Renoprotective Effects of AVE0991, a Nonpeptide Mas Receptor Agonist, in Experimental Acute Renal Injury

1Laboratório de Imunofarmacologia, Departamento de Bioquímica e Imunologia, Instituto de Ciências Biológicas, UFMG, 31270-901 Belo Horizonte, MG, Brazil
2Departamento de Fisiologia e Biofísica, Instituto de Ciências Biológicas, UFMG, 31270-901 Belo Horizonte, MG, Brazil
3Departamento de Cirurgia, Faculdade de Medicina, UFMG, 30130-100 Belo Horizonte, MG, Brazil
4Max Delbrück Center for Molecular Medicine, Berlin Buch, 13092 Berlin, Germany
5Departamento de Patologia Geral, Instituto de Ciências Biológicas, UFMG, 31270-901 Belo Horizonte, MG, Brazil
6Departamento de Microbiologia, Instituto de Ciências Biológicas, UFMG, 31270-901 Belo Horizonte, MG, Brazil
7Departamento de Pediatria, Faculdade de Medicina, UFMG, 30130-100 Belo Horizonte, MG, Brazil

Received 30 August 2011; Accepted 21 October 2011

Academic Editor: Anderson J. Ferreira

Copyright © 2012 Lívia Corrêa Barroso et al. This is an open access article distributed under the Creative Commons Attribution License, which permits unrestricted use, distribution, and reproduction in any medium, provided the original work is properly cited.

Abstract

Renal ischemia and reperfusion (I/R) is the major cause of acute kidney injury in hospitalized patients.
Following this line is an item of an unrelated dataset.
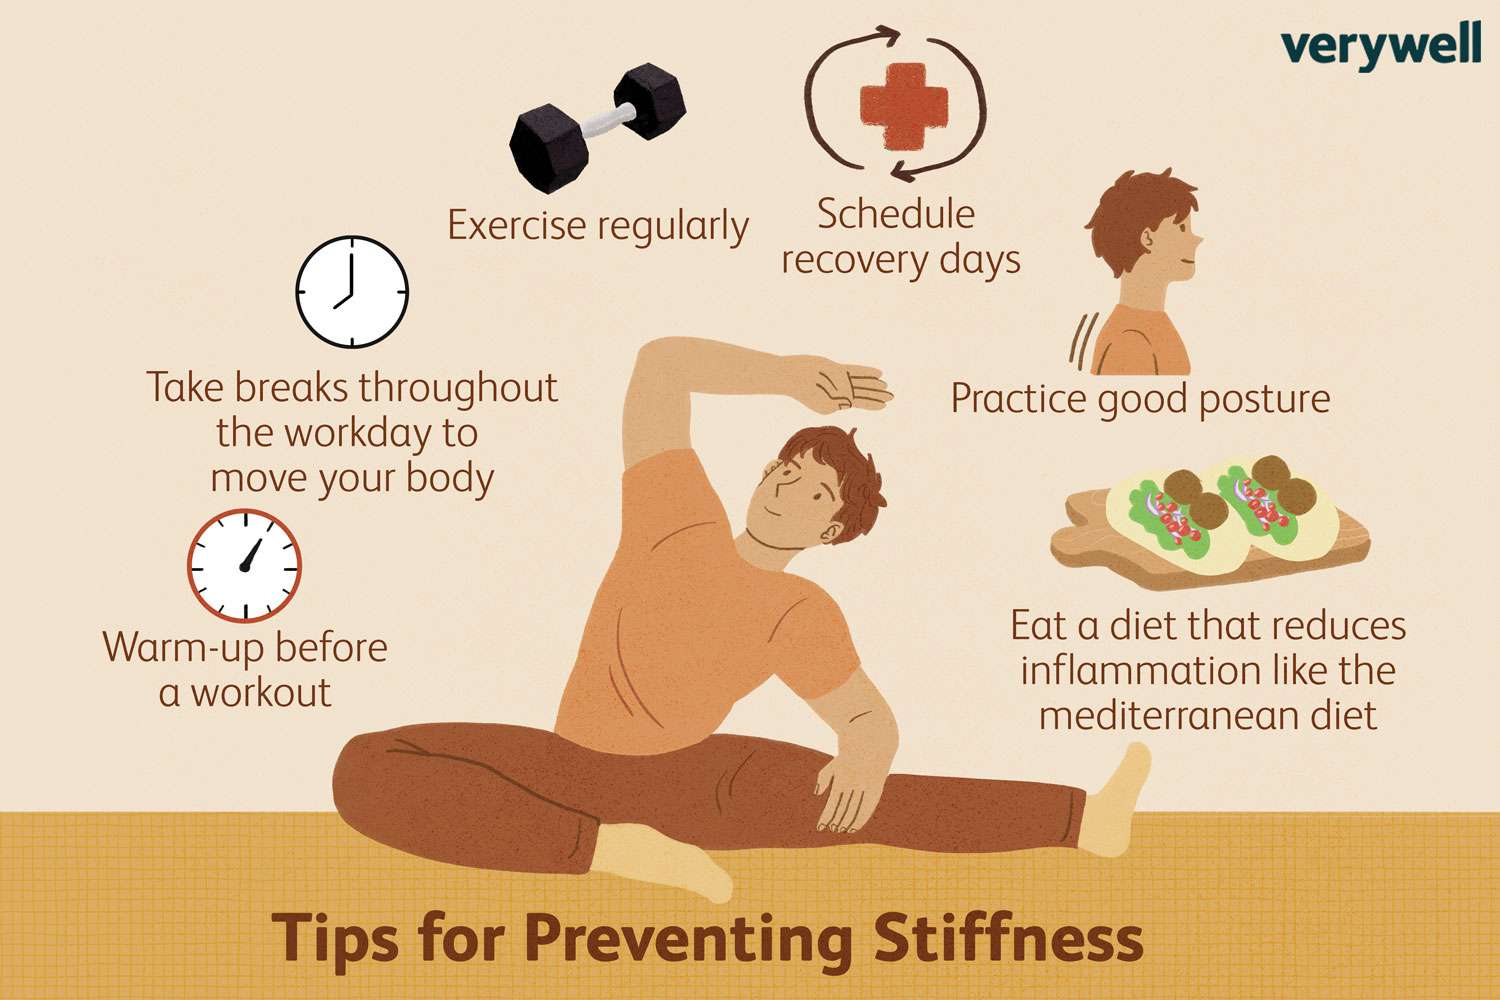 Tips for preventing stiffness
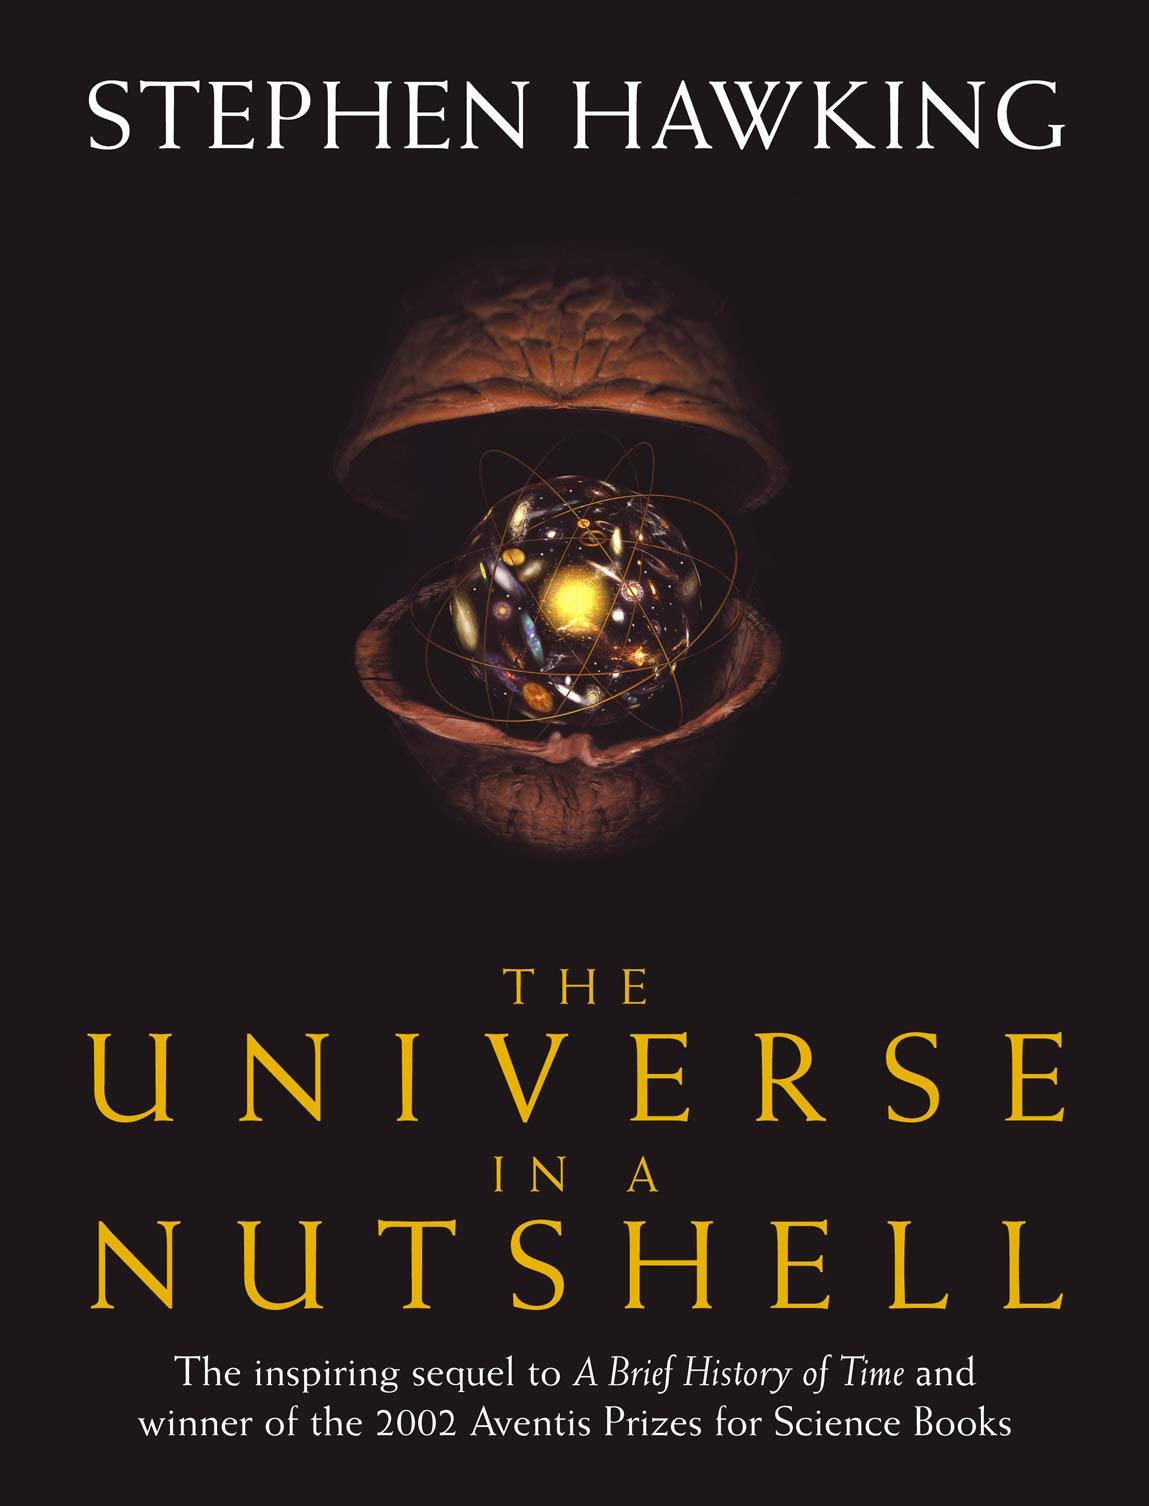 The Universe in a Nutshell by Stephen Hawking (হার্ডকভার)

Mechanisms underlying reperfusion-associated injury include recruitment and activation of leukocytes and release of inflammatory mediators. In this study, we investigated the renal effects of acute administration of AVE0991, an agonist of Mas, the angiotensin-(1–7) receptor, the angiotensin-(1–7) receptor, in a murine model of renal I/R. Male C57BL/6 wild-type or Mas−/− mice were subjected to 30 min of bilateral ischemia and 24 h of reperfusion. Administration of AVE0991 promoted renoprotective effects, as seen by improvement of function, decreased tissue injury, prevention of local and remote leucocyte infiltration, and release of the chemokine, CXCL1. I/R injury was similar in WT and Mas−/− mice, suggesting that endogenous activation of this receptor does not control renal damage under baseline conditions. In conclusion, pharmacological interventions using Mas receptor agonists may represent a therapeutic opportunity for the treatment of renal I/R injury.